- Hangul: 자필
- Lit.: Handwritten
- RR: Japil
- MR: Chap'il
- Directed by: Hong Sung-min
- Written by: Hong Sung-min
- Produced by: Song Hyo-jung; Yang Yun-sik; Lee Na-ra; Moon Hyun-sung;
- Starring: Jung Sung-il; Park Ji-hyun;
- Production companies: Blue Fire Studio; StoneV Studio;
- Distributed by: Redice Entertainment
- Release date: October 7, 2026; (BIFF)
- Running time: 110 minutes
- Country: South Korea
- Language: Korean

= Sinner (2026 film) =

Sinner (Korean: 자필) is an upcoming South Korean drama film written and directed by Hong Sung-min for his feature film directorial debut. The film follows Kim Seok-gyu, a Minister of Justice nominee preparing for his confirmation hearing, as he reveals the truth behind a former criminal case through letters penned by Hong Sun-hwa, South Korea's last death row inmate. It will have its world premiere at the 31st Busan International Film Festival on October 7, 2026, as part of the Korean Cinema Today - Panorama section.

== Synopsis ==
When prosecutor Kim Seok-gyu is nominated for Minister of Justice, the opposition party raises questions about the 1994 "Migeum Arson-Murder Case." They allege that he conducted a coercive investigation against the illiterate suspect Hong Sun-hwa and sought the death penalty. The controversy subsides when a letter left by Hong comes to light.
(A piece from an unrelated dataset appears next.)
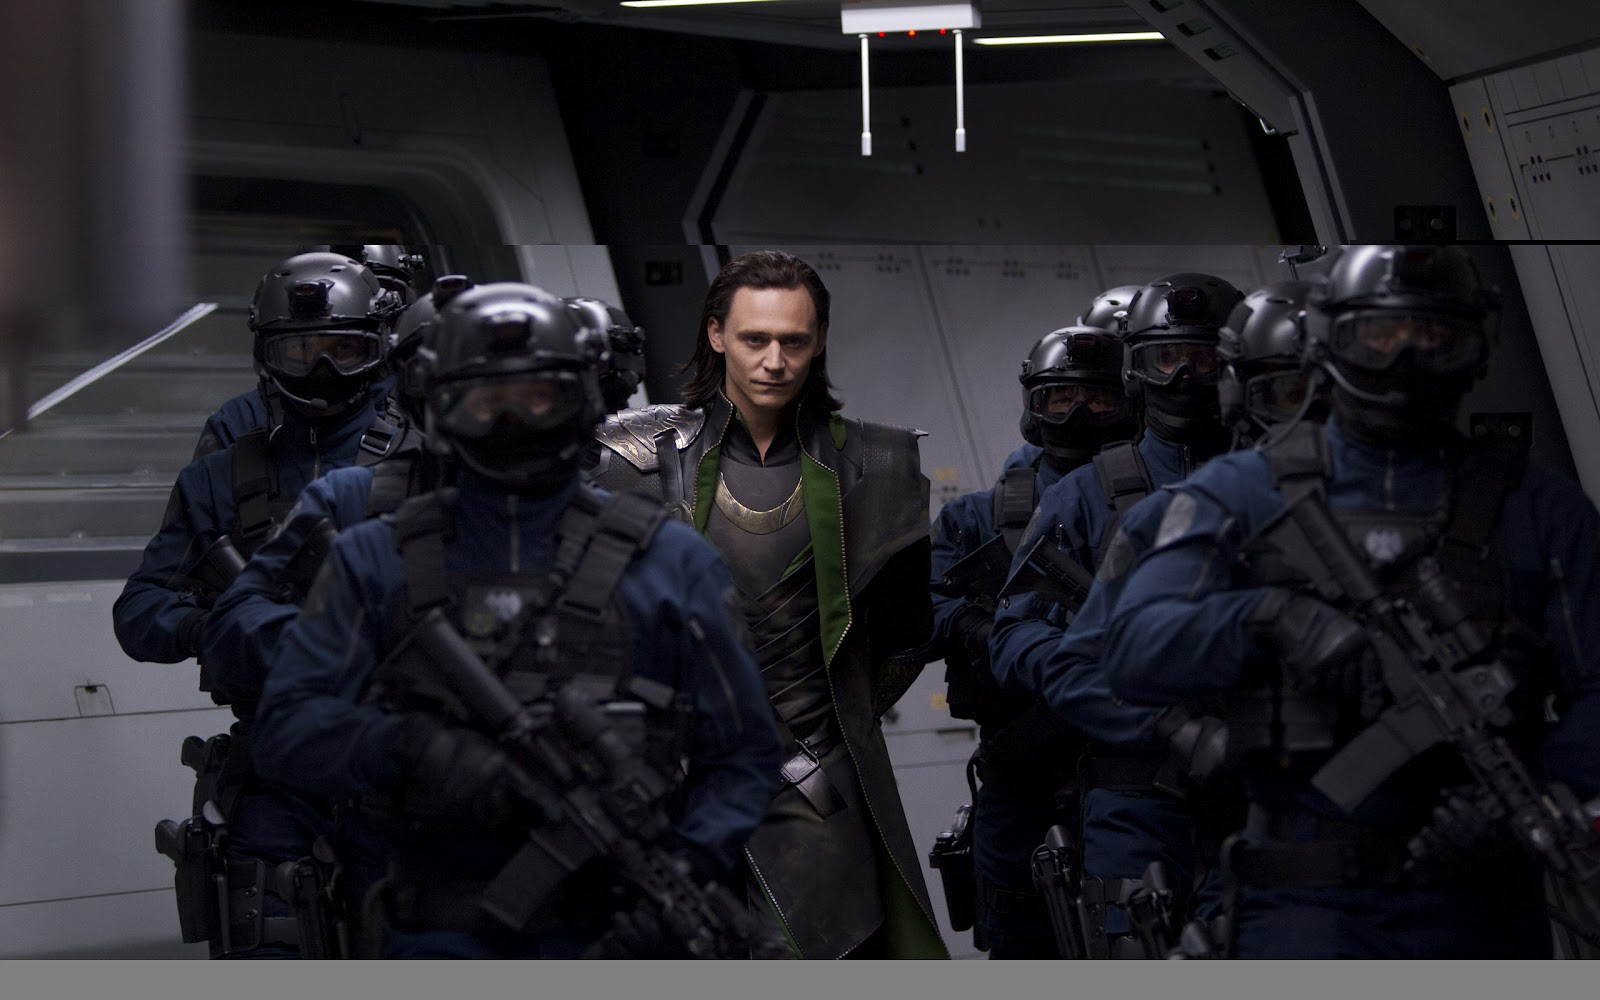 http://1.bp.blogspot.com/--icC3SKUh1Q/T7YkInh6CbI/AAAAAAAAG4s/6ujhuAh0mZo/s1600/The+Avengers+2012+HD+Wallpapers+2560x1600.jpg

However, after reading her plea for her innocence to be conveyed to her son Eun-su, Seok-gyu begins to reinvestigate the closed case.

== Cast ==
- Jung Sung-il as Kim Seok-gyu
- Park Ji-hyun as Hong Sun-hwa

=== Special appearance===
- Lee Jun-young

== Production ==
Filming concluded on August 26, 2025.

The film was included in the 2026 Cannes Film Market lineup.

== Release ==
Sinner is set to premiere as part of the Korean Cinema Today - Panorama section at the 31st Busan International Film Festival on October 7, 2026.